If you are able to compare the results from each and see which samples differ, that could be really informative for us!

brandenchan commented 3 years ago

Also, do you know if there are any duplicated questions in your dataset? I am wondering if something similar to this (#933) is happening

sophgit commented 3 years ago

Hi @brandenchan,

thank you for your detailed and fast reply! Now I understand the exact difference between open and closed domain. Yes, I am using a different dataset, as I am using manually annotated German data. I checked, although some questions are similar, there are no duplicate questions in the dataset.
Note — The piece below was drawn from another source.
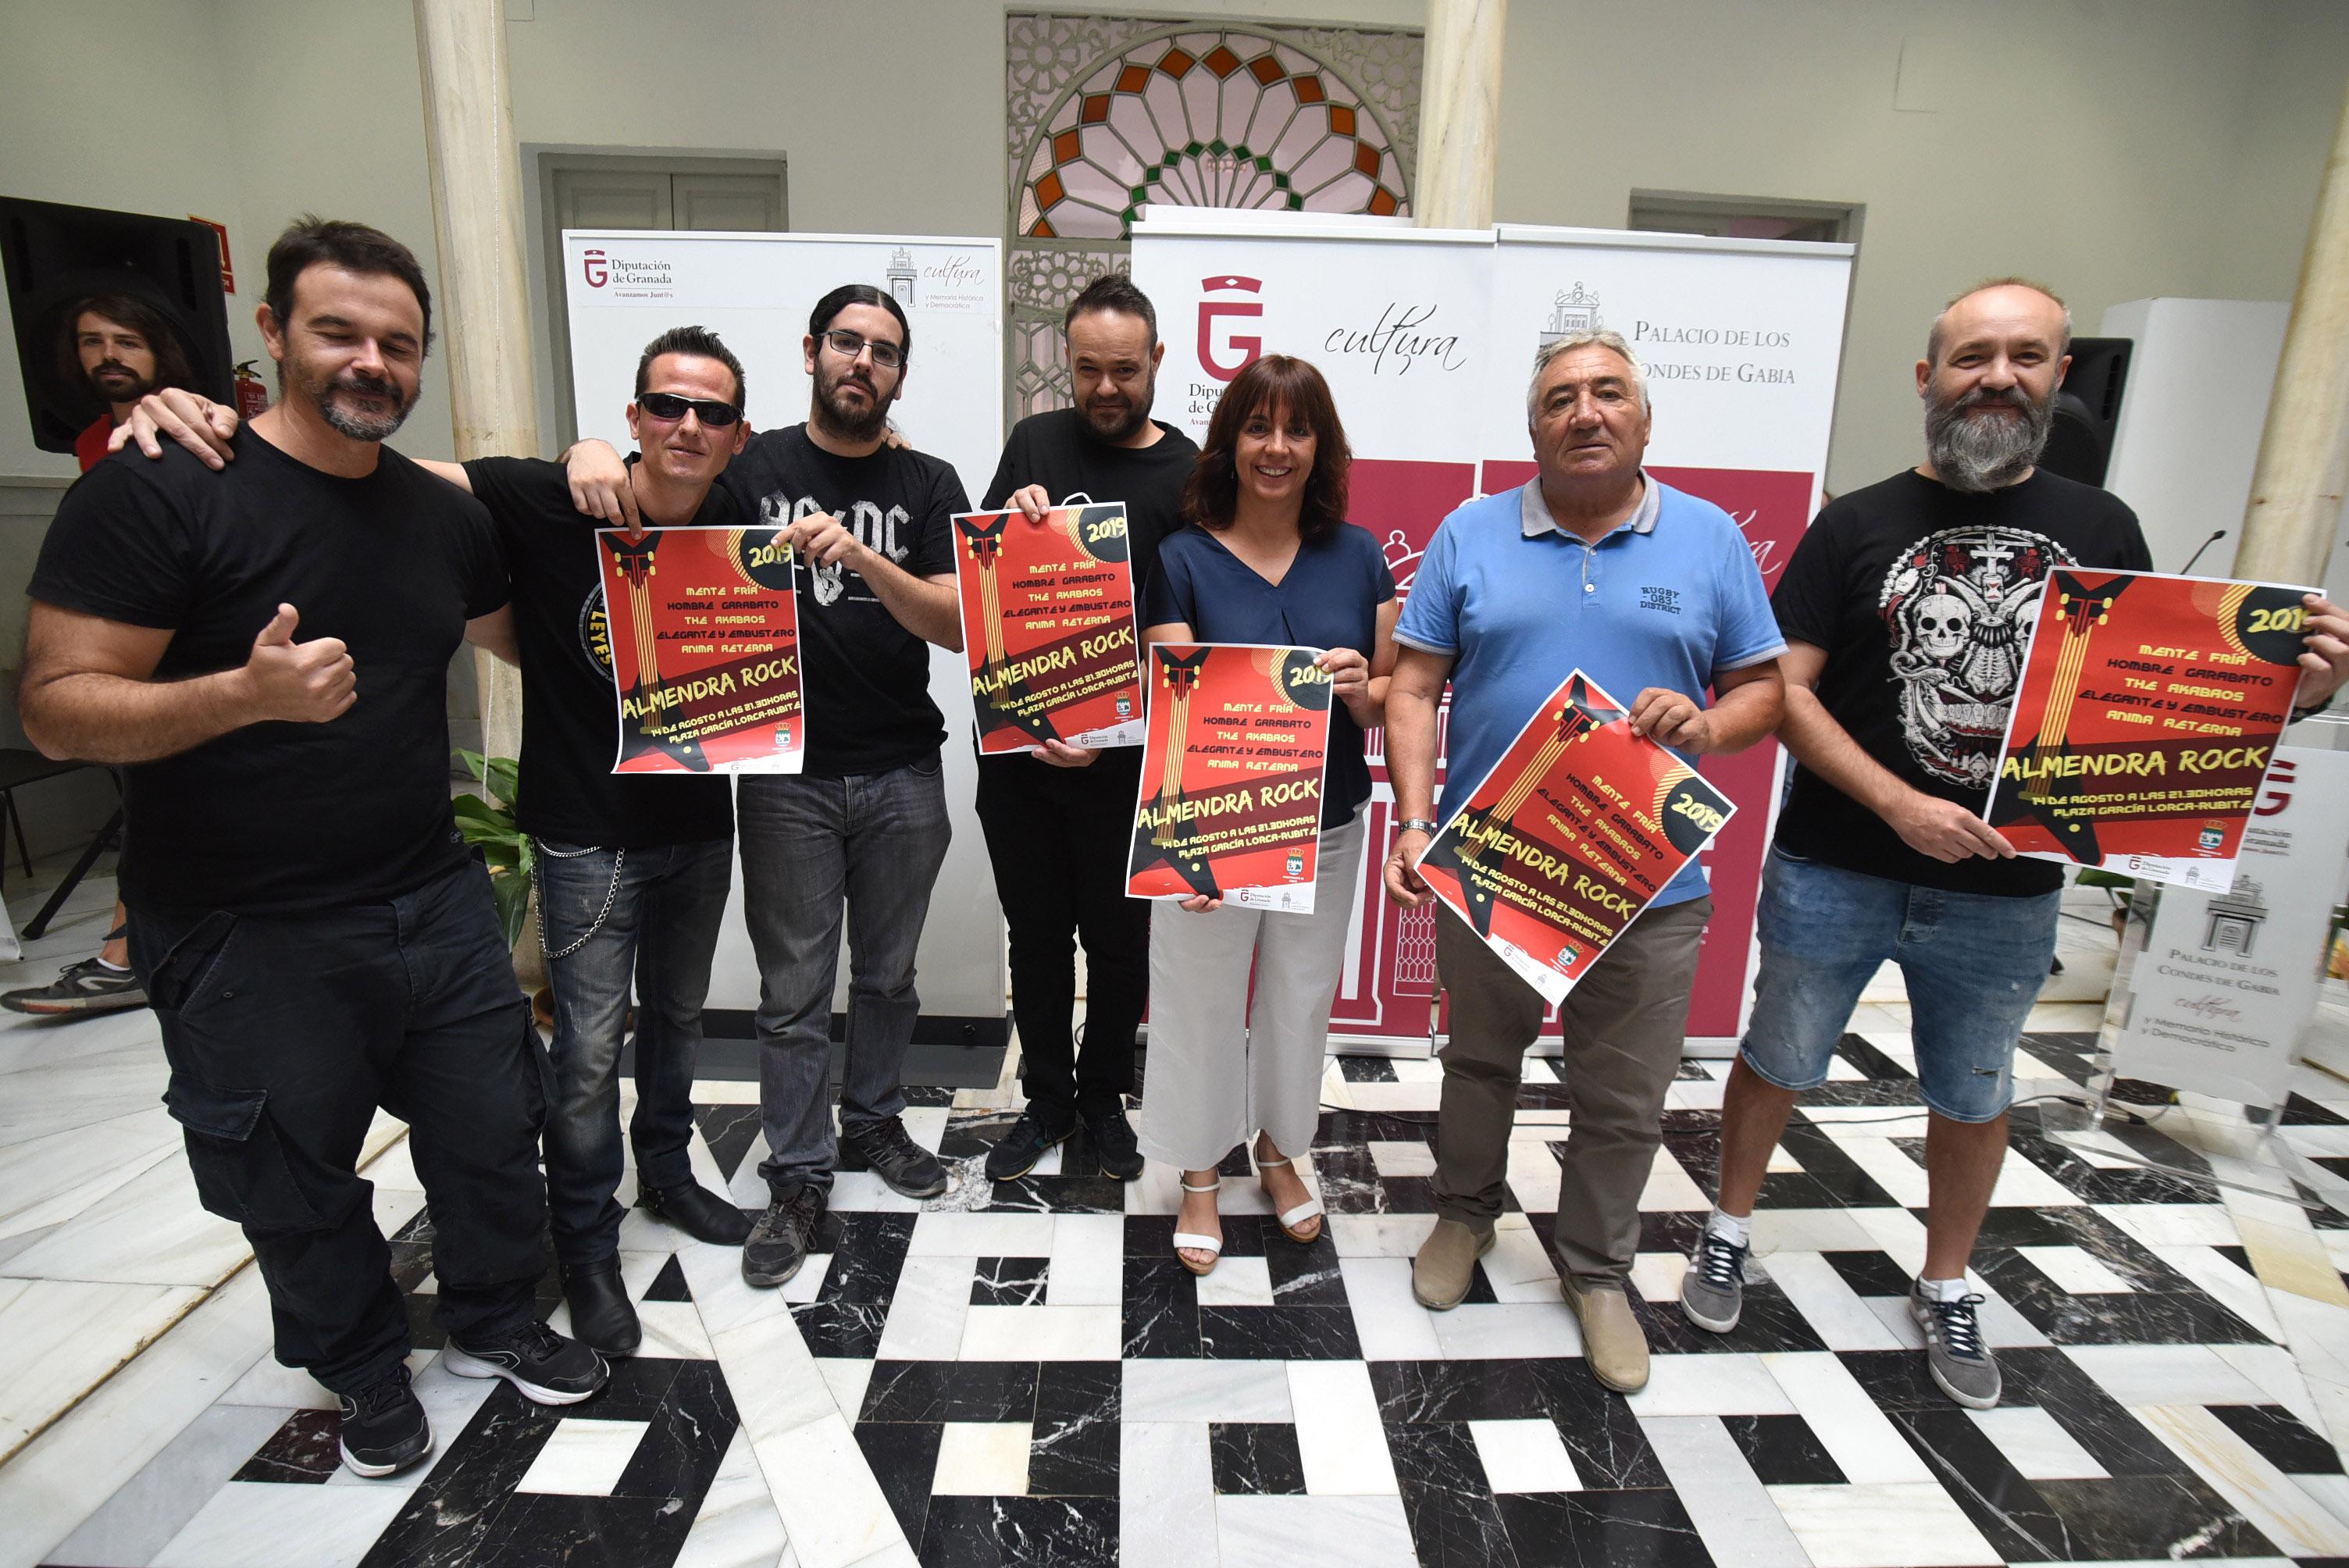 El 'Almendra Rock' vuelve a Rubite para promocionar lo mejor de la música local
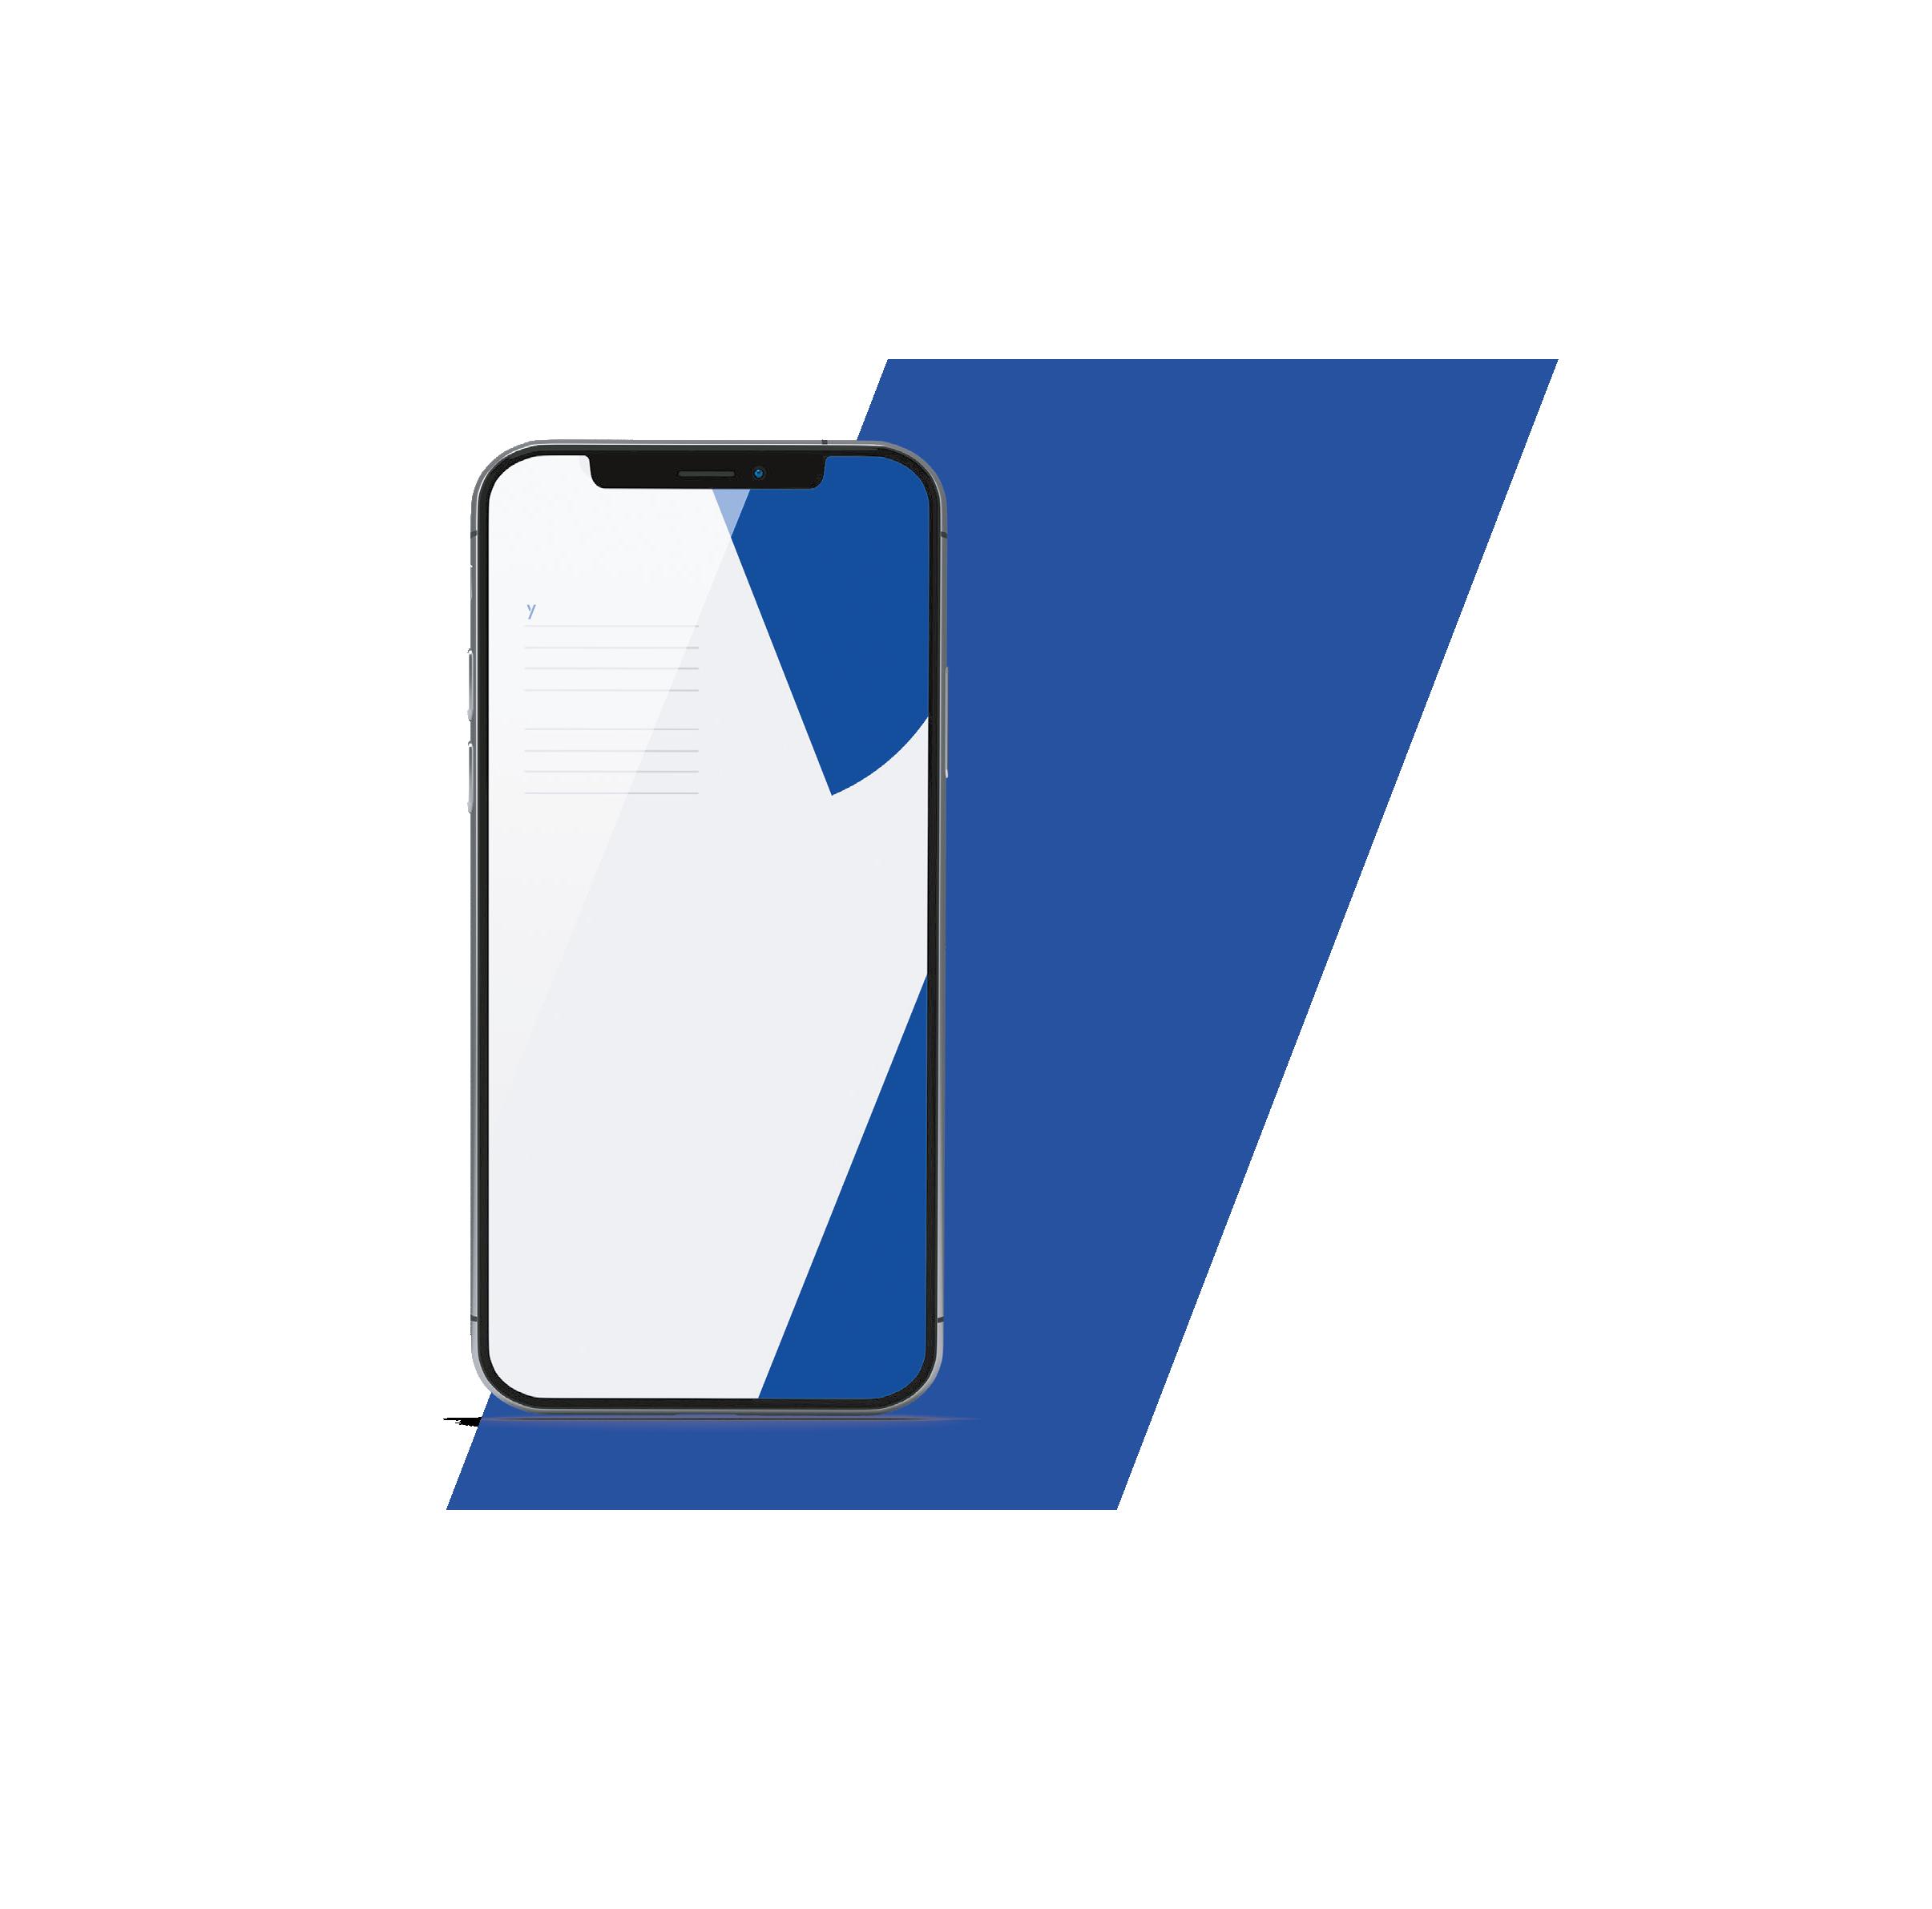 Ynov Web Management

I think I found the issue: white spaces. When I compared the "False" results from eval_retriever.log, I noticed that 3 of them were marked as False, although the correct document was included in the retrieved documents. Then I compared the answer labels and saw, that all three answer strings contained a double white space, while the context in the log didn't. In my original file, both answer and context contain the double white spaces. I edited my file, so that both context and answer don't contain any extra white spaces and fixed the answer_starts accordingly. Now evaluating the retriever on its own and in the pipeline results in a recall of 93.75% 🎉 Is it possible that during evaluation the context is cleaned from redundant white spaces while the answer remains the same?

brandenchan commented 3 years ago

@sophgit Great work figuring that out! This is going to help us a lot in finding the exact source of the problem. It's definitely possible that our contexts are being processed differently to the answers.

I will look into this in the coming sprint and post my findings and progress in this issue.

brandenchan commented 3 years ago

Hi @sophgit, I had a chance to look into this issue again. I replicated your situation by creating a single sample where both the document and the answer contained a double whitespace. But in both closed and open domain eval, the retrieval was considered correct.

I have a couple small hypotheses about what might be going wrong but I am wondering whether it would be possible for you to send us this problematic sample so that we can replicate and then fix this issue?

brandenchan commented 3 years ago

As a side note, since you are working on German, I thought I'd bring this to your attention! We trained a German QA model and also a German Dense Passage Retrieval model using a hand annotated dataset that we created. All of it is open sourced now so feel free to try them out if they might be helpful in your use case!

https://deepset.ai/germanquad

sophgit commented 3 years ago

Hi @brandenchan, thanks for looking into the problem. These are the three examples (text from https://onlinemarketing.de/lexikon/definition-customer-relationship-management-crm). Can't upload json, so I attached a txt-file: example.txt And thanks for the hint, I already saw your post :) Can't wait to try the new models and dataset!

Timoeller commented 3 years ago

Hey @sophgit I remember you helping also to fix some issue with the annotation tool and other interesting conversations.

Wow, so it seems you have created 272 domain datapoints for German QA and used them already for eval. Can we actually have a call about this? I would be highly interested in interacting, maybe also seeing how a model trained on GermanQuAD oder GermanDPR could improve your performance. Could you maybe contact me at timo.moeller --at-- deepset.ai?

brandenchan commented 3 years ago

Just as an update, it seems that the step of splitting Documents into Passages can cause whitespace normalization if PreProcessor.split_by == "word". Hence why your Document text has no duplicate whitespaces, but your answers do have them.

We will want to fix it (#1023) but it is at a very low level in the code and probably won't be a quick fix. For now, I have opened a PR to raise a warning (#1022). And one work around for this issue, if it comes up again in future, is to set PreProcessor.split_by == "passage" since this doesn't have the whitespace normalization side effect. Hope this clarifies things and thanks for helping us discover this pesky issue!